Degeneration of the retina is another threat that most people don’t hear much about. But it’s not just one disease. It’s actually a group of diseases known as retinitis pigmentosa. If you remember from your high school biology class, the retina lines the back inside wall of the eye. It uses photoreceptor cells called rods and cones to capture images from the visual field. Retinitis pigmentosa attacks these cells, causing them to deteriorate. And you experience a gradual decline in vision. A few of the diseases in this group are Usher syndrome, Leber’s congenital amaurosis, rod-cone disease, Bardet-Biedl syndrome, and Refsum disease.

If you haven’t heard of these diseases, you’re not alone. Medical experts believe they’re largely inherited, not lifestyle related. So if you’ve got good genes, you don’t have to worry about them. And researchers don’t really pay much attention to them. They think they can’t do much to stop it. However, I’m not so convinced.
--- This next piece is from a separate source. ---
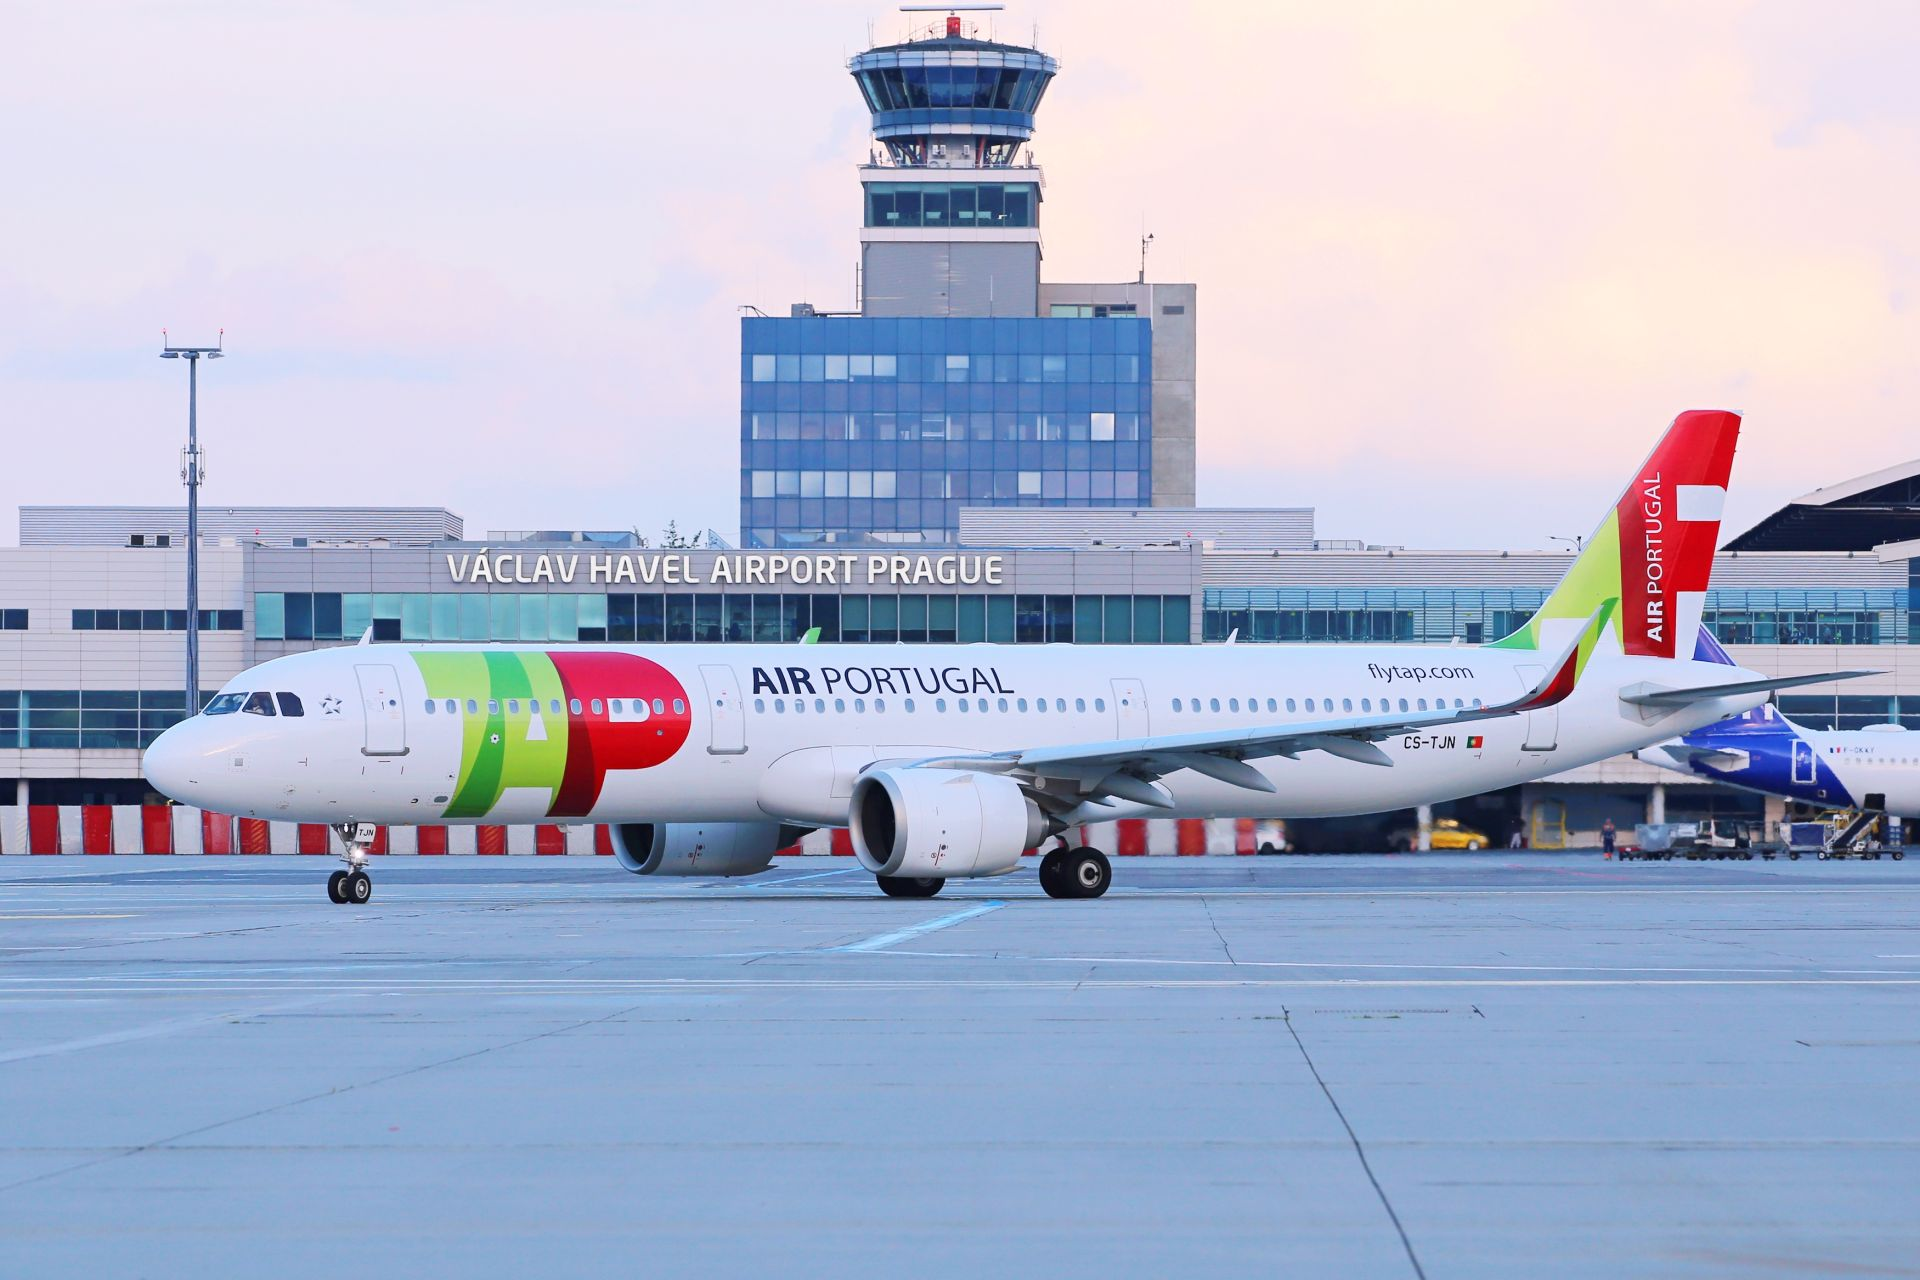 Letadlo TAP Air Portugal v Praze. Pramen: Letiště Praha

Yes, there probably is an inherited element to the problem. But there’s a good reason why I don’t think genes fully explain the illness. That’s because a common vitamin can actually slow the progression of the diseases.If a vitamin can slow them down, then genes don’t fully explain the illnesses that cause the retina to deteriorate. This is important because it says that you can change the outcome – or at least the speed at which you reach the outcome – through your lifestyle choices. And these lifestyle choices can impact your family for generations. This is what science calls epigenetics.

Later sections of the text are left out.